Les oiseaux du nord-est des États-Unis et du Canada sont, en séries groupées, de couleur foncée, c'est-à-dire qu'avec les stries les plus nettes et les plus noires, ils comprennent également des individus présentant la plus petite longueur d'aile. Les oiseaux de l'Arizona, et la plupart de ceux de Californie, sont de coloration relativement pâle, et certains d'entre eux ont des ailes plus longues que chez tous les oiseaux du nord-est que j'ai examinés. De plus, il existe de nombreux individus, principalement du sud de la Californie, que je ne peux distinguer en aucun cas des spécimens du Mexique et de la Basse-Californie. * * * * * * En d'autres termes, la gamme de variation chez les tarins du sud-ouest est si grande, et la moyenne possible est si insaisissable, que, malgré les individus ressemblant à des macopterus parmi eux, je suis arrivé à la conclusion * * * [ que] tout au nord du Mexique * * * [devrait être appelé] Spinus pinus pinus** *

Spinue pinus macopterus (Du Bus) est la sous-espèce mexicaine, dont on sait relativement peu de choses.
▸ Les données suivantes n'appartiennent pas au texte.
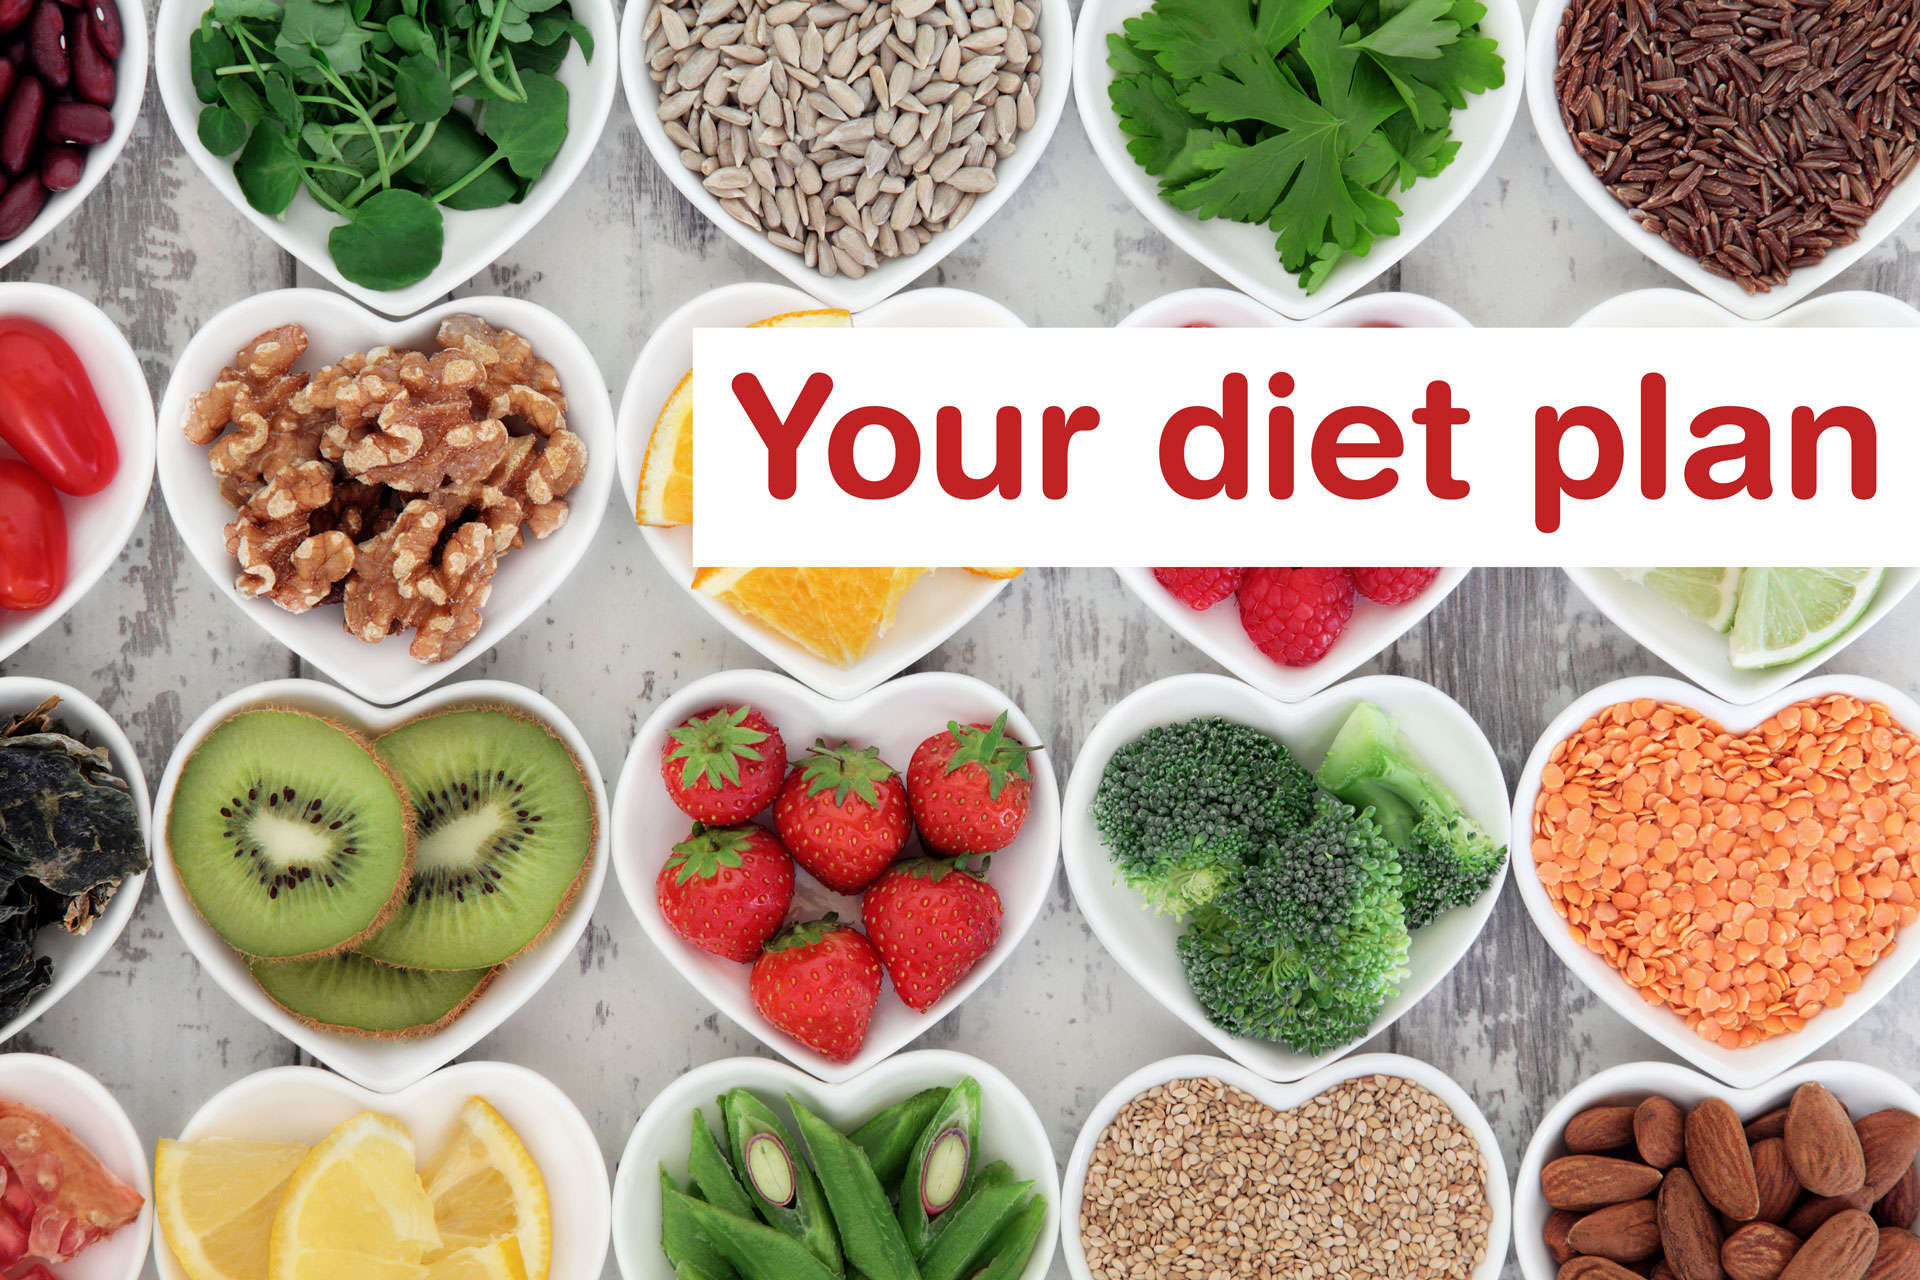 How to make a diet plan that works - The Dutrition Blog

Grinnell (1928a) a écrit que, comparé à celui du nord, il "possède des ailes et une queue plus longues, et un style de coloration plus pâle et moins strié".

Sutton et Burleigh (1940a) l'ont trouvé commun et bruyant dans les bois de pins à 8 000 : 10 000 pieds, début avril, à Las Vigas, Veracruz. Ils ont pris des spécimens en condition de reproduction. Pour la période du 26 juillet : 28, 1942, à 10 500 pieds à Cofre de Perote dans le même état, WB Davis (1945) a rapporté que les tarins « entraient tout juste dans la saison de reproduction à la fin de juillet. Les femelles contenaient des ovules aussi gros que 5 mm. diamètre et les testicules des mâles ont été considérablement agrandis."

DISTRIBUTION
Tarin des pins du Nord (S. p. pimis)

Aire de répartition : Alaska, Mackenzie, Ontario et Labrador jusqu'au nord du Mexique et aux États de la côte du golfe.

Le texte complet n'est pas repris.